Was Evo Morales Bolivia's First Indigenous President?

13Nov2019. Evo Morales Ayma (President of Bolivia from 2006 to 2019) has often been portrayed as Bolivia's first indigenous president. But was he?

Evo Morales (left, in the photo above) is actually mestizo. The literal translation of the word mestizo is "half-blood". A preferable term today might be "mixed race". The first documented origins of his Spanish last name (Morales) can be traced back to 1596 to a family, members of nobility, in Castille and Catalogne, Spain. The word "morales" in Spanish means "mulberry bushes". Morales is the 16th most common Spanish last name in the United States today. Ayma (his mother's last name) comes from the Aymara language. Many Bolivians, including a large number of those who identify as indigenous, are actually mestizos.

By this definition, Evo Morales was not Bolivia's first indigenous president. The first would have been Mariscal Andrés de Santa Cruz y Calahumana, also a mestizo, who served as President of Bolivia 190 years ago.

Andrés de Santa Cruz (middle, in the photo above) was the son of a Spaniard (José de Santa Cruz y Villavicencio). His mother was an indigenous woman named Juana Basilia Calahumana. She was from a somewhat wealthy Uru/Aymara indigenous family and served as the mayor of Huarina where Andrés de Santa Cruz was born. Huarina is a small town established by the Urus near the shores of Lake Titicaca, about 2 hours Northwest of La Paz. Andrés de Santa Cruz was born in 1792, when South America was still ruled by Spain, which had divided the continent into large regions called viceroyalties. Modern-day Peru and Bolivia together formed what was known as the Viceroyalty of Alto Peru. Andrés de Santa Cruz first served as President of Peru. Years later he became Bolivia’s 7th President from 1829-1839.

Although both men are mestizo, one highlighted his European heritage while the other highlights his indigenous origins. Why?

Both men chose to emphasize the part of their heritage that would best serve their purposes during the specific time in history in which they lived.

While both were born in tiny remote towns in the same general region of Bolivia, Andrés de Santa Cruz was educated at a private Catholic convent and universities and later attended a military academy. He was born precisely at the time when mestizos in South America were beginning to rise up against Spain and fight for independence. He participated in a number of significant battles, and was eventually installed as president – twice - of two different newly-created countries, as mentioned above.

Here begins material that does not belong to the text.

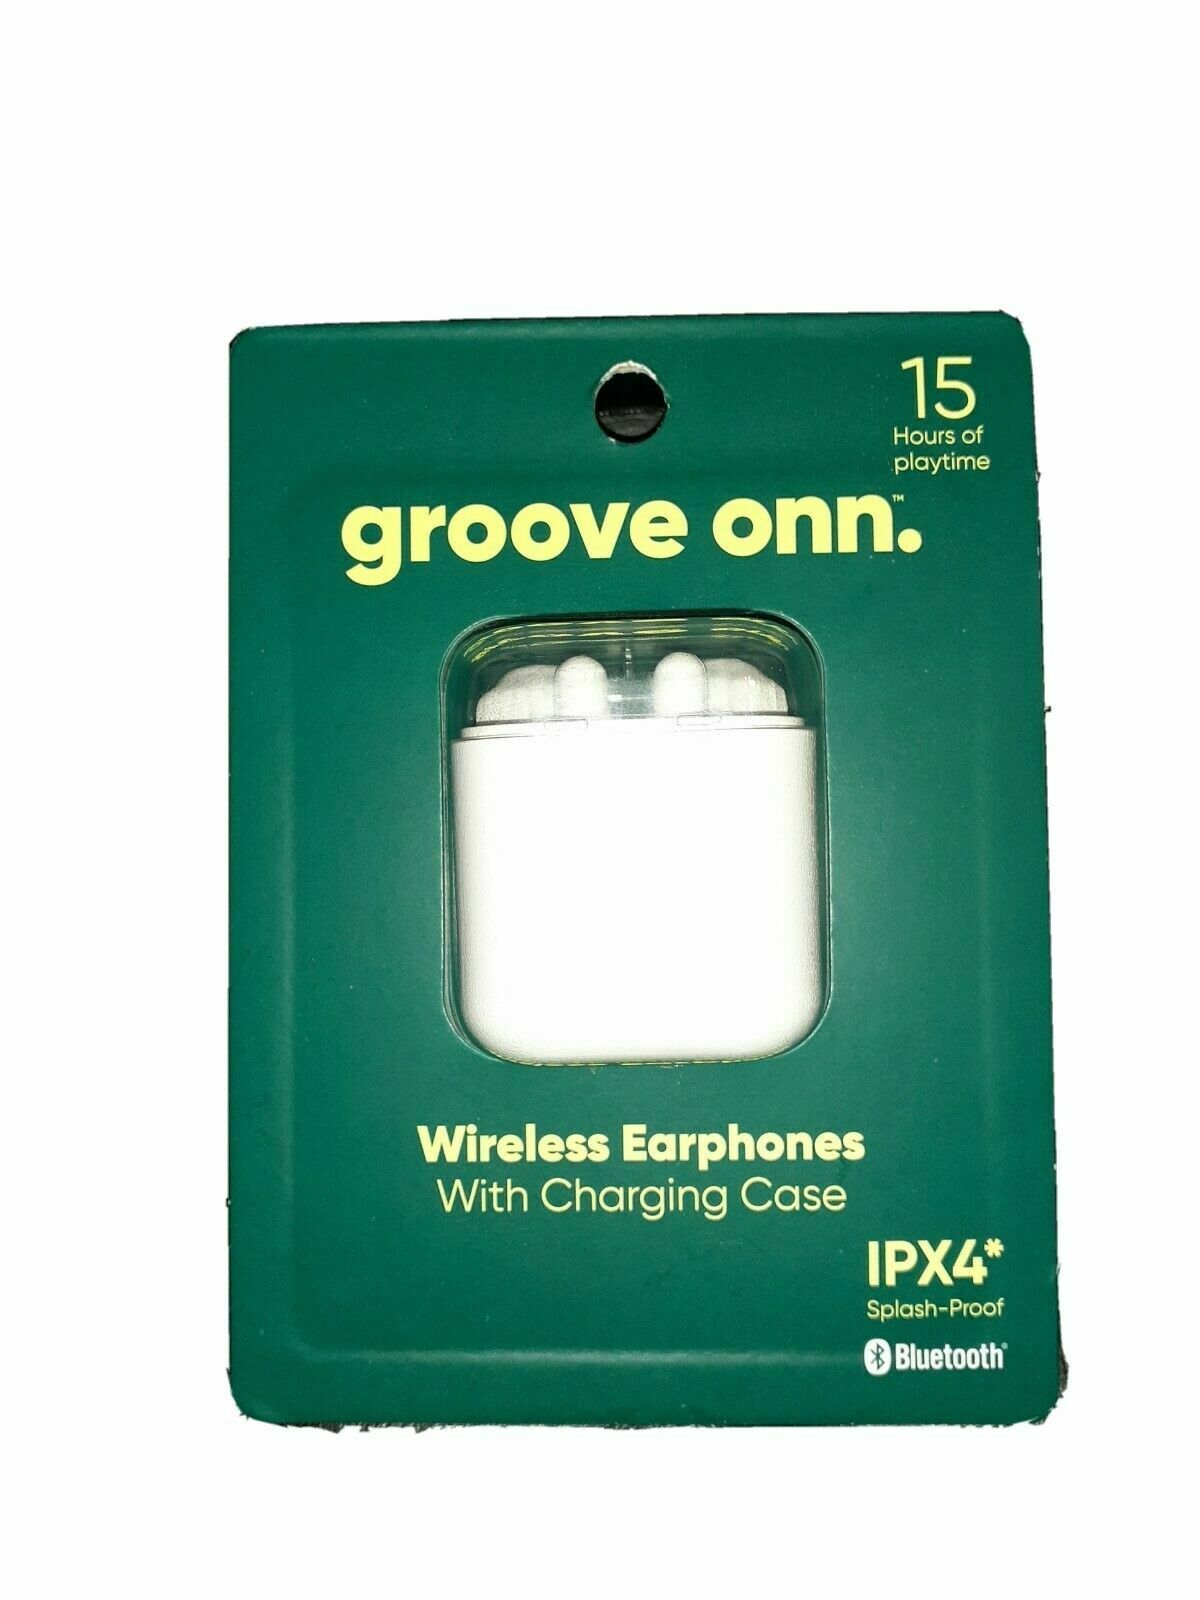 Groove Onn 100016495 Wireless Earphones w/ Charging Case IPX4 Splash-Proof GB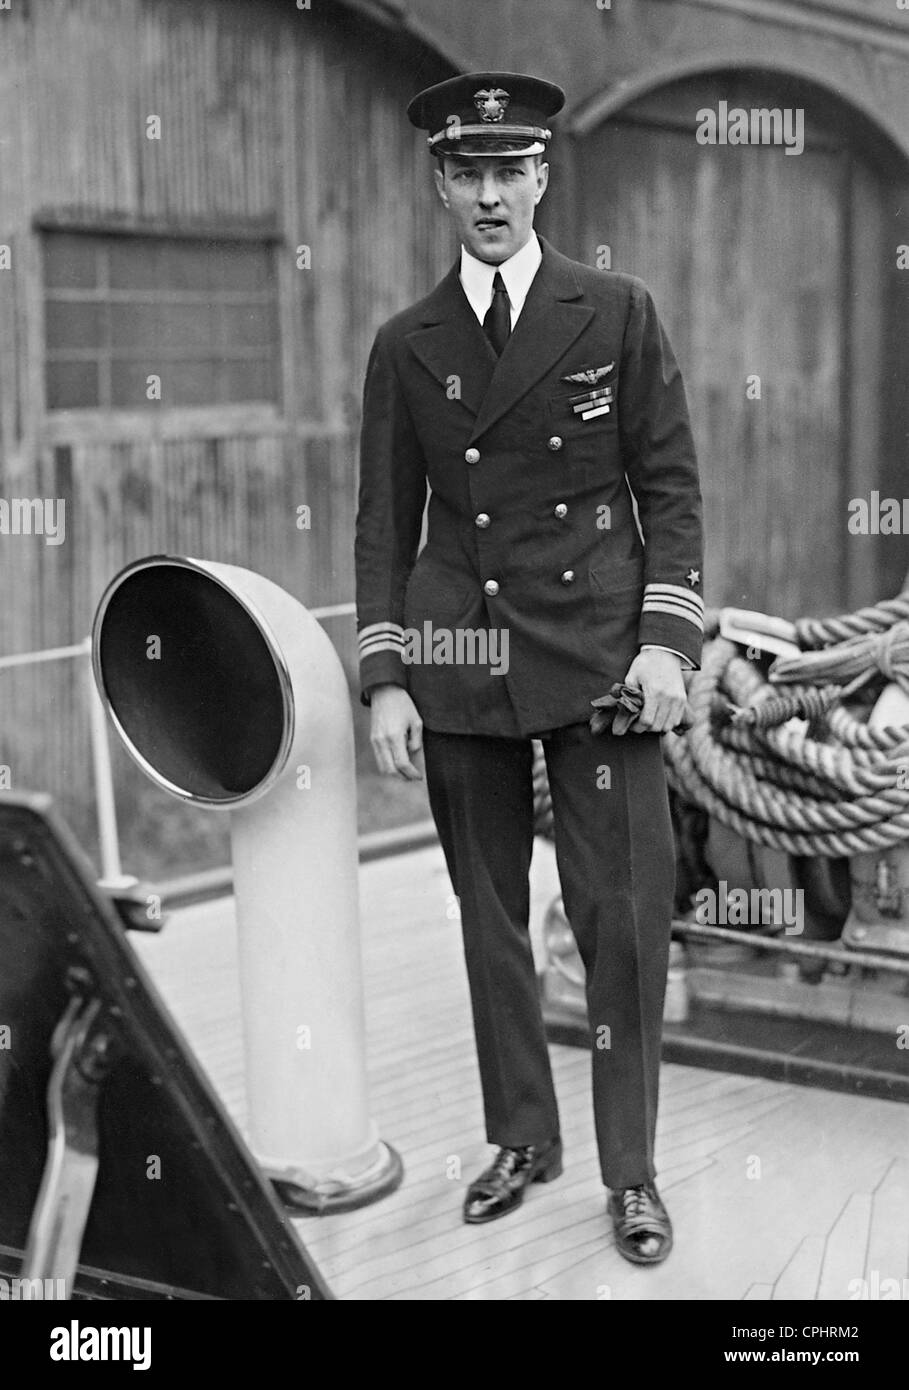 Explorateur de l'arctique américain et pionnier de l'aviation Richard E. Byrd (1888-1957). Banque D'Images

Evo Morales, on the other hand, was born in the Aymara town of Orinoca, also near Lake Titicaca, 167 years later, long after Bolivia’s national borders had been defined and the country had been on its own for a century and a half. He lived in Argentina with his father for a number of years and later moved to the Chapare region of Bolivia (in Cochabamba) where the majority of the population is Quechua. There he was named president of the 6 federations of coca growers of Bolivia. At the time he became politically militant, the indigenous people of Bolivia had watched as the middle and upper mestizo classes prospered over the years, while they saw very few improvements to their own impoverished lives.

Andrés de Santa Cruz came of age at a time in South American history when the mestizos were very discontent because, as they were neither fully European nor fully indigenous, they were not afforded all of the rights enjoyed by their purely European family members and counterparts. They had little power of self-determination. The mestizo’s resentment over this was a driving factor behind the demand for full independence from Spain. Andrés de Santa Cruz was born at a time when highlighting one’s European heritage was more important in order to be taken seriously and to gain the support of “fully European” counterparts, without whom independence from Spain would not have been achieved. Santa Cruz was a Spanish loyalist. He initially fought to quash groups fighting for independence. Even after becoming President of Bolivia, he attempted to reunite Peru and Bolivia in the form of a federation, which was short-lived. Emphasizing his Spanish side afforded him the opportunities he was given to be in positions of power.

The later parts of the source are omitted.